I am trying to interpret my results and am having issues
My model
Multi-Membership random effect
male_id and female_id
Dependent Variable:
Association Rate: Amount of instances/ Total instances in a day
Independent Variables:
Status: Territorial Males or Satellite Males
Date: Day of breeding season
Male degree: Number of male conspecfics that were met on the previous day
Non-focal: Promiscuity of female on previous day
Description:
There are alot of 0’s for male degree and non-focal so I assumed that male_degree and non_focal would be influencing the dispersion in the model (phi).
I did two models, one where I modeled date as a second degree polynomial function
This is how I calculated the predicted probabilities
Predicted Probabilities:
exp(b_Intercept+b_male_degree x male_degree)/(1+exp(b_Intercept+b_male_degree x male_degree)
exp(b_Intercept+b_non_focal x non_focal)/(1+exp(b_Intercept+b_non_focal x non_focal))
I believe this issue is with the crazy intercept in the regular date model.
When I did this model in a frequestist form to check for multi-collinearity ( I put dyadic ID as a random effect and not a multi-membership to test for multicollinarity ), the model wouldn’t converge. Although when I put date as a second degree polynomial function it did converge.
So my question is why this is doing this and how to accurately represent the effects for just the date normal model because that was my best model based off of leave-one-out cross-validation.
I am not sure why the model with a linear term for date has such a large error in the Intercept vs the model with the polynomial. Perhaps you need to use better priors. I’m not sure anyone could answer this based on just the model output…
Also, in general I would recommend using a spline instead of a polynomial. Splines are easy to fit in brms, using the s() syntax from mgcv.
When you used LOO, did you get a warning about high pareto k?
I would be pretty suspicious of a model where the intercept had an error that was so high.

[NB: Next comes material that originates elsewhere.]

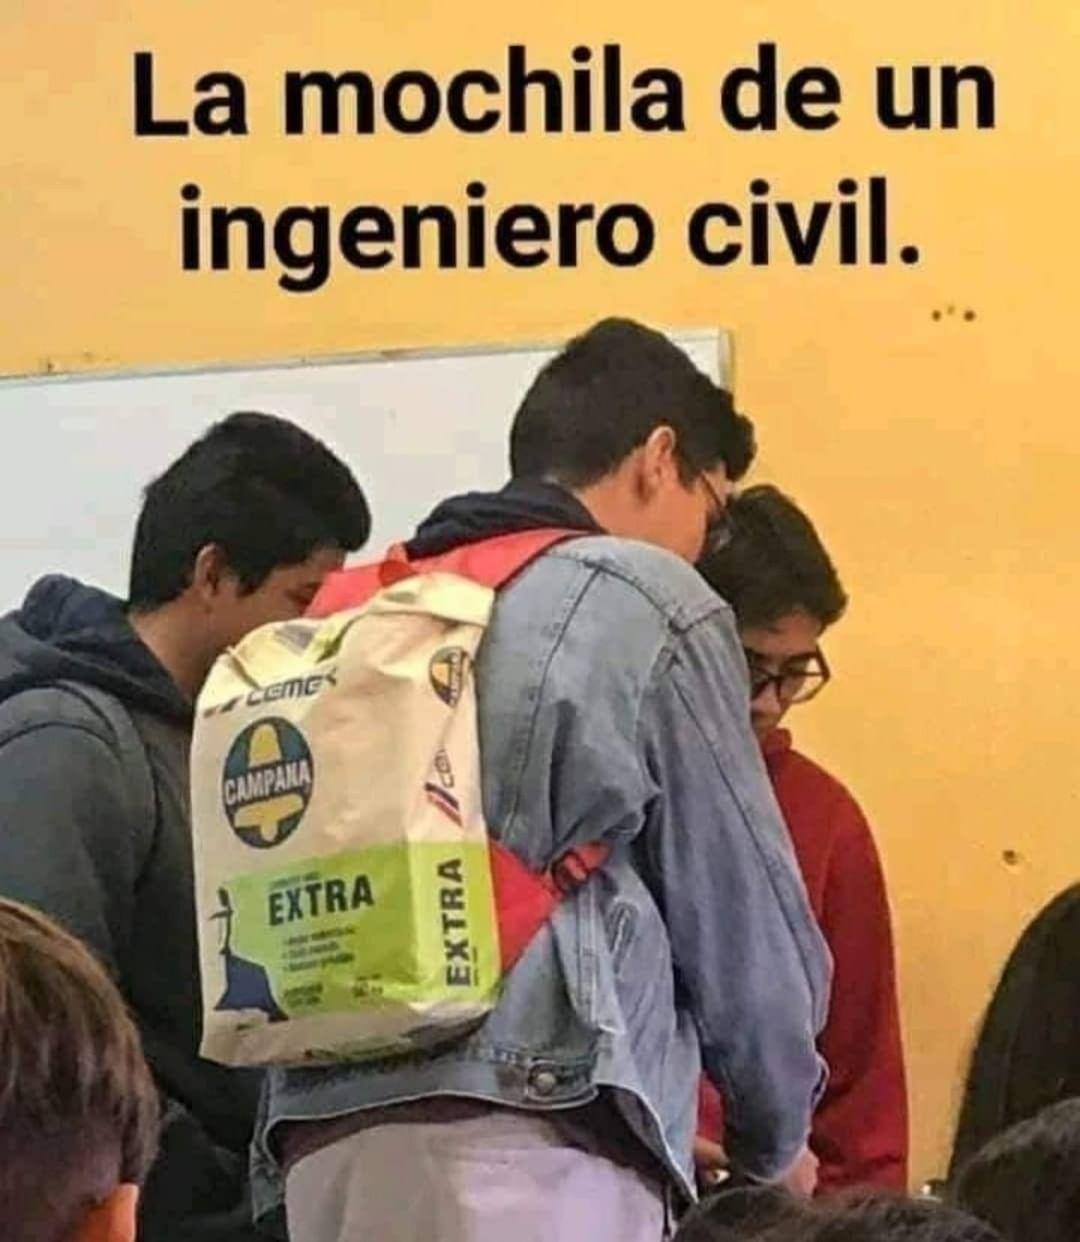 La mochila de un ingeniero civil.

For the plots, I would use conditional_effects() as I mentioned in your other post.
phi_Intercept gives the link-scale value of phi when all predictors are held at their means. That it is non zero (“significant”) means that the link-scale value of phi when all predictors are held at their means is something other than zero. Any value, zero or otherwise, influences the dispersion in the model.
phi is fitted with a log link. Since the intercept is positive, the resulting beta-binomial has a higher precision in the beta component–and thus lower dispersion–than a beta-binomial distribution with phi equal to exp(0) = 1. Of course it still has higher dispersion than a plain old binomial distribution.